The example verifies that both parties derive the same key and prints it.
Why application-layer, not in-TLS? The rustls SupportedKxGroup contract
requires the local public key to be available before complete() is called.
ML-KEM ciphertext (the server’s “public key” in the encapsulation step) can
only be created after seeing the client’s ML-KEM public key, which arrives
inside complete().

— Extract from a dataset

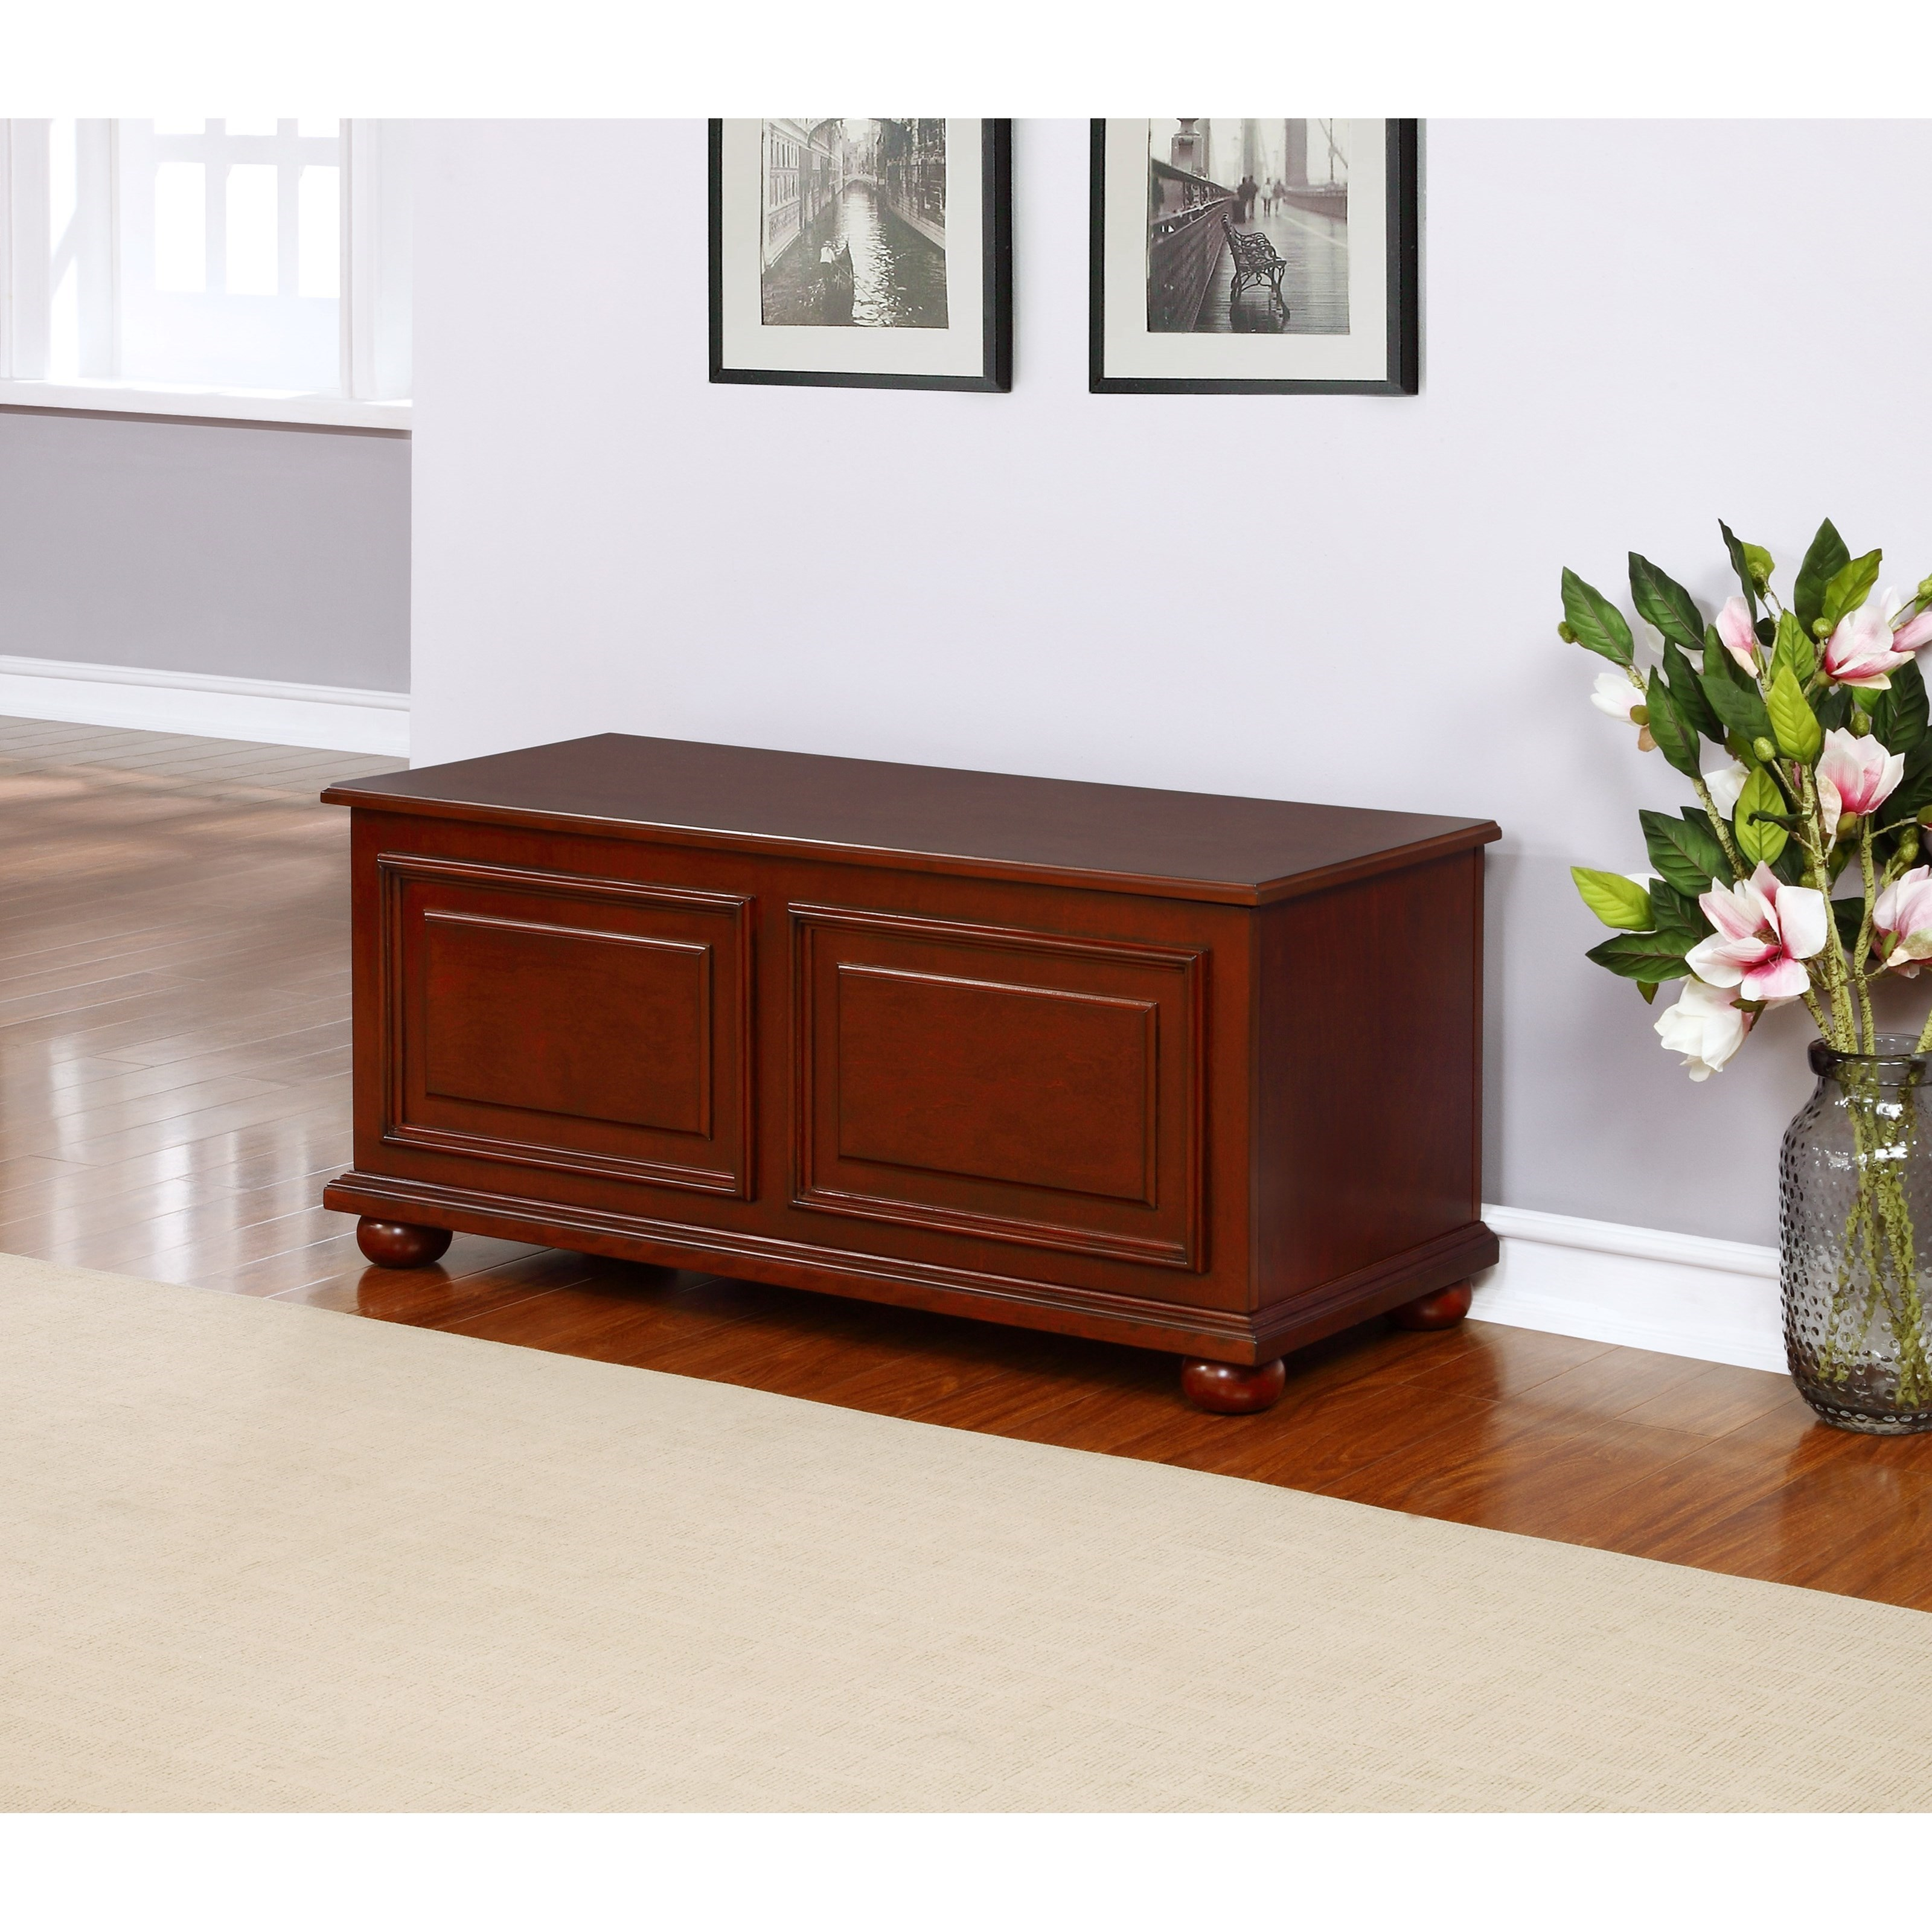 Accent Furniture Cedar Chest by Powell at Nassau Furniture and Mattress

Application-layer hybrid is the correct design for
post-quantum augmentation of classical TLS.
Requires OpenSSL 3.3 or later with ML-KEM support.
Security properties
| Property | Status |
|---|---|
| TLS 1.3 forward secrecy | Provided by X25519 / P-256 / P-384 ECDHE |
| Key material zeroization | SecretBuf (OPENSSL_cleanse) on all private keys, AEAD keys, HMAC keys |
| RSA minimum key size | 2048 bits enforced in verify_signature |
| EC point validation | Uncompressed format + exact length checked before ECDH |
| FIPS readiness | Inherits OpenSSL FIPS provider when the system library is FIPS-validated; no FIPS flag is set in code |
The fips() method on all cipher suites and KX groups returns false — FIPS
compliance is a property of the OpenSSL installation, not this crate.